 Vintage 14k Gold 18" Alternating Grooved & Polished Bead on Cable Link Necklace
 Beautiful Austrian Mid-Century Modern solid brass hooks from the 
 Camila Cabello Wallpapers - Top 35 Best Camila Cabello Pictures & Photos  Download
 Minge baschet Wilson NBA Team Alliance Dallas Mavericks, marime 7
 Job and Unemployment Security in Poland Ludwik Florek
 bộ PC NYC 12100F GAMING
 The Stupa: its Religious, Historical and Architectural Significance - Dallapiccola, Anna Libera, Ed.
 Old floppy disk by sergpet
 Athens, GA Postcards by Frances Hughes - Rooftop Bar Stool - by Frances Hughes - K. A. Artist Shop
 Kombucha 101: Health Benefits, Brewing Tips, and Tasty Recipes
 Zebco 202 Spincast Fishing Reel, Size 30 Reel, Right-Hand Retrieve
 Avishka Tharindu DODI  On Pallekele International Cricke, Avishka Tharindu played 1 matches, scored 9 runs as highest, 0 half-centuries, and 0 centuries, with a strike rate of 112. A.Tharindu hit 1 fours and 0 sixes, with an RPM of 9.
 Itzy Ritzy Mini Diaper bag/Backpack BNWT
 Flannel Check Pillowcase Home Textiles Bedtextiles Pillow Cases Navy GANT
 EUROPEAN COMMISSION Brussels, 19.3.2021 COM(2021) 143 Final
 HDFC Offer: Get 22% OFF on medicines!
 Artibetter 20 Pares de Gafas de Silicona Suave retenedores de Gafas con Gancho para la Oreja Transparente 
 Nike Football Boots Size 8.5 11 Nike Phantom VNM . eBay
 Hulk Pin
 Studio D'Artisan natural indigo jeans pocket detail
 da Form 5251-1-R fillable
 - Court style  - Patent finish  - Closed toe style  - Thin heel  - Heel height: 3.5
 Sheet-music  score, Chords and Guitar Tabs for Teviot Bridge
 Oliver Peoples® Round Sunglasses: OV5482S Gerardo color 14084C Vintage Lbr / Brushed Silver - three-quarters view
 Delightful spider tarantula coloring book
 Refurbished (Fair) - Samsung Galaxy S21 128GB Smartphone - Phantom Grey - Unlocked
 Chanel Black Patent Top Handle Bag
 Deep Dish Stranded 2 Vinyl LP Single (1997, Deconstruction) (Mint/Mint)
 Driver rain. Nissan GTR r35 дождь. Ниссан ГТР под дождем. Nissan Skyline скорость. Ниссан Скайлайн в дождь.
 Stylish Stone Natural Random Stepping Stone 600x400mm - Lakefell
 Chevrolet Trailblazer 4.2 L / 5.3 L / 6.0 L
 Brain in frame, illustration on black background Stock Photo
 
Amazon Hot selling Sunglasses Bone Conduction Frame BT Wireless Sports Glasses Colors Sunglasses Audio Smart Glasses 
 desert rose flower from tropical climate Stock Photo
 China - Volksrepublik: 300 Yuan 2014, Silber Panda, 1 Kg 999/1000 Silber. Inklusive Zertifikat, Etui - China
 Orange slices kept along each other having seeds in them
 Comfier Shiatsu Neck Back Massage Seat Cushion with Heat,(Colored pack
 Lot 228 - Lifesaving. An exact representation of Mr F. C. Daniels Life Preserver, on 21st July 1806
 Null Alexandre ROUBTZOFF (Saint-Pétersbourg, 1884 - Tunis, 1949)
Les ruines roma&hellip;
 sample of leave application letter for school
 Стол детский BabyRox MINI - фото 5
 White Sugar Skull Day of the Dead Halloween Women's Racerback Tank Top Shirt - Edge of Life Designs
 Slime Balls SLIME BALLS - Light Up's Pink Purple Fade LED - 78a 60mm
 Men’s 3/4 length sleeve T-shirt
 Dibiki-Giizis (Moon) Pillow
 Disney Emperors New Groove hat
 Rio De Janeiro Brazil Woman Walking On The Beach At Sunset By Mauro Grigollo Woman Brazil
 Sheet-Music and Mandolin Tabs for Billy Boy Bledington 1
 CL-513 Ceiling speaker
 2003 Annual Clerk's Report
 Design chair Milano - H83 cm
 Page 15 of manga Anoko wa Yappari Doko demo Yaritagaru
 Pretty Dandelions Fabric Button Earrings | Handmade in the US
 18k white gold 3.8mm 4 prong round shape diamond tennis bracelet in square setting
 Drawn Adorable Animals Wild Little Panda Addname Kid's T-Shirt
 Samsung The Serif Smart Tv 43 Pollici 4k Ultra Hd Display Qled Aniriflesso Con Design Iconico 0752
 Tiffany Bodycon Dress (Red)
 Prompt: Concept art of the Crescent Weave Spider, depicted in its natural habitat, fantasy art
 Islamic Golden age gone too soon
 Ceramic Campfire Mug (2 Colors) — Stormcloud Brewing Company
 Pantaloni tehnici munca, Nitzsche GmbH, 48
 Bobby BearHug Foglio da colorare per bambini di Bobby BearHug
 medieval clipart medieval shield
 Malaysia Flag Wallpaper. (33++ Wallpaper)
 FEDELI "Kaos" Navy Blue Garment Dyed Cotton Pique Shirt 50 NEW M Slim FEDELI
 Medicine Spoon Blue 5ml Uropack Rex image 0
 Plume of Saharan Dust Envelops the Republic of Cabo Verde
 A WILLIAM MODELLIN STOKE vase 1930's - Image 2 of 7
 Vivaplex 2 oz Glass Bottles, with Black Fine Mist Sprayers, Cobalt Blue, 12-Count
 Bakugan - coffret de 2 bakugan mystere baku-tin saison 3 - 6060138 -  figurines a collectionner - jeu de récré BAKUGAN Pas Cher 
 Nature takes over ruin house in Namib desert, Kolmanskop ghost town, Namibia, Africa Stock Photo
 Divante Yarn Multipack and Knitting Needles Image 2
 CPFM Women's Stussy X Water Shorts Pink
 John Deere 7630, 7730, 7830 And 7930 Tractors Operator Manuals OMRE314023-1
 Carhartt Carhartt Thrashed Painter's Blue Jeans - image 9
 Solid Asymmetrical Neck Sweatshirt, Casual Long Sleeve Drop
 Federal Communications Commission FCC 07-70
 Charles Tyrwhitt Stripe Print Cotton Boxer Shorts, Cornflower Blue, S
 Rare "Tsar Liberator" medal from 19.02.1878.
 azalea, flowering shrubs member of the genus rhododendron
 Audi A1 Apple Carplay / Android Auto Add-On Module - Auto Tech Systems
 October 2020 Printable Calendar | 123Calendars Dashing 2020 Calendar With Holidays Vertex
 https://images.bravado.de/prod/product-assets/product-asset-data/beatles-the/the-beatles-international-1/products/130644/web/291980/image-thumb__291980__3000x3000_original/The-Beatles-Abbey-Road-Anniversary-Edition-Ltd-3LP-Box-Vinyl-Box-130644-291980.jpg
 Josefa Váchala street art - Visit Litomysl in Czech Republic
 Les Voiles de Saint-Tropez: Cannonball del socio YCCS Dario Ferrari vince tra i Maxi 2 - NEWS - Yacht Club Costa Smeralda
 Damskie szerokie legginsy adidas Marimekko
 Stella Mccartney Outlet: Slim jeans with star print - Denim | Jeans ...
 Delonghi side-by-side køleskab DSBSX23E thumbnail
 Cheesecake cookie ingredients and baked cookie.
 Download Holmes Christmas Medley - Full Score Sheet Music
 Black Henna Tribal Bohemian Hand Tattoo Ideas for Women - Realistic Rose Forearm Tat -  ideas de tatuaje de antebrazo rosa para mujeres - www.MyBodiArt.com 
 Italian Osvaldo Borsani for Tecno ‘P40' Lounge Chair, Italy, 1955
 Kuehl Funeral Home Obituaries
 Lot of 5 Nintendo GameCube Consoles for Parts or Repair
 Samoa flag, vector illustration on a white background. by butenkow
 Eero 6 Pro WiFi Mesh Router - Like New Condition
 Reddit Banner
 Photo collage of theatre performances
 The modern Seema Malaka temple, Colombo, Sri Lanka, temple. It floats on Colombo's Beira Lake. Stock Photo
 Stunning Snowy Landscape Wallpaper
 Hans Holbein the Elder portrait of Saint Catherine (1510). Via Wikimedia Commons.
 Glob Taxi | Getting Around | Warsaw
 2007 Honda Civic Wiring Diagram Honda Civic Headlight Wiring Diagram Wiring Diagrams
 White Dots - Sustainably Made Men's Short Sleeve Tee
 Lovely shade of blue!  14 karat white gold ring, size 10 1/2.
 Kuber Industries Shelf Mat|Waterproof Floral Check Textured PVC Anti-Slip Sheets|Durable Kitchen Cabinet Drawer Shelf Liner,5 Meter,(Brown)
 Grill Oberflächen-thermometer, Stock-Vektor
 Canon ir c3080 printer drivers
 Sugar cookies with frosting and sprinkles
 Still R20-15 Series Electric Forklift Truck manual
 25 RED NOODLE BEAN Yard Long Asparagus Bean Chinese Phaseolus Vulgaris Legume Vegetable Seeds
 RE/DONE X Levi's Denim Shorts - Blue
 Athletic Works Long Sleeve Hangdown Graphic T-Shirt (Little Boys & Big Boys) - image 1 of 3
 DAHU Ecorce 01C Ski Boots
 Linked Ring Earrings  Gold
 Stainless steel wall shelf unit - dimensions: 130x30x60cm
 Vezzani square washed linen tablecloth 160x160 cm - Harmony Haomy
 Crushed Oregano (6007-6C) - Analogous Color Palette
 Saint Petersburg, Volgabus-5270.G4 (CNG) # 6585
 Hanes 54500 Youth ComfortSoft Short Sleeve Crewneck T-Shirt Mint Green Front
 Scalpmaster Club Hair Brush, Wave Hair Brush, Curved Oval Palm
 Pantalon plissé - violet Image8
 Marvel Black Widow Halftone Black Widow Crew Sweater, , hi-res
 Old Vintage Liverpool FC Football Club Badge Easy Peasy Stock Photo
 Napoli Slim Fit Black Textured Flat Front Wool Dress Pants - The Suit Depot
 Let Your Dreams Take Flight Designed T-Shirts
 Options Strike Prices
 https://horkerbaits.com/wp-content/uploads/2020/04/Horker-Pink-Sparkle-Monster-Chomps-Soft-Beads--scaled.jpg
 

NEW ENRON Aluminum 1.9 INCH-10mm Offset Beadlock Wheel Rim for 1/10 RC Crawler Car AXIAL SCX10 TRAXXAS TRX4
|---|
Only the lines above starting at the line that holds "DAHU Ecorce 01C Ski Boots" and ending at the line that holds "Marvel Black Widow" are to be repeated, exactly and in full.

### EXPECTED OUTPUT:
 DAHU Ecorce 01C Ski Boots
 Linked Ring Earrings  Gold
 Stainless steel wall shelf unit - dimensions: 130x30x60cm
 Vezzani square washed linen tablecloth 160x160 cm - Harmony Haomy
 Crushed Oregano (6007-6C) - Analogous Color Palette
 Saint Petersburg, Volgabus-5270.G4 (CNG) # 6585
 Hanes 54500 Youth ComfortSoft Short Sleeve Crewneck T-Shirt Mint Green Front
 Scalpmaster Club Hair Brush, Wave Hair Brush, Curved Oval Palm
 Pantalon plissé - violet Image8
 Marvel Black Widow Halftone Black Widow Crew Sweater, , hi-res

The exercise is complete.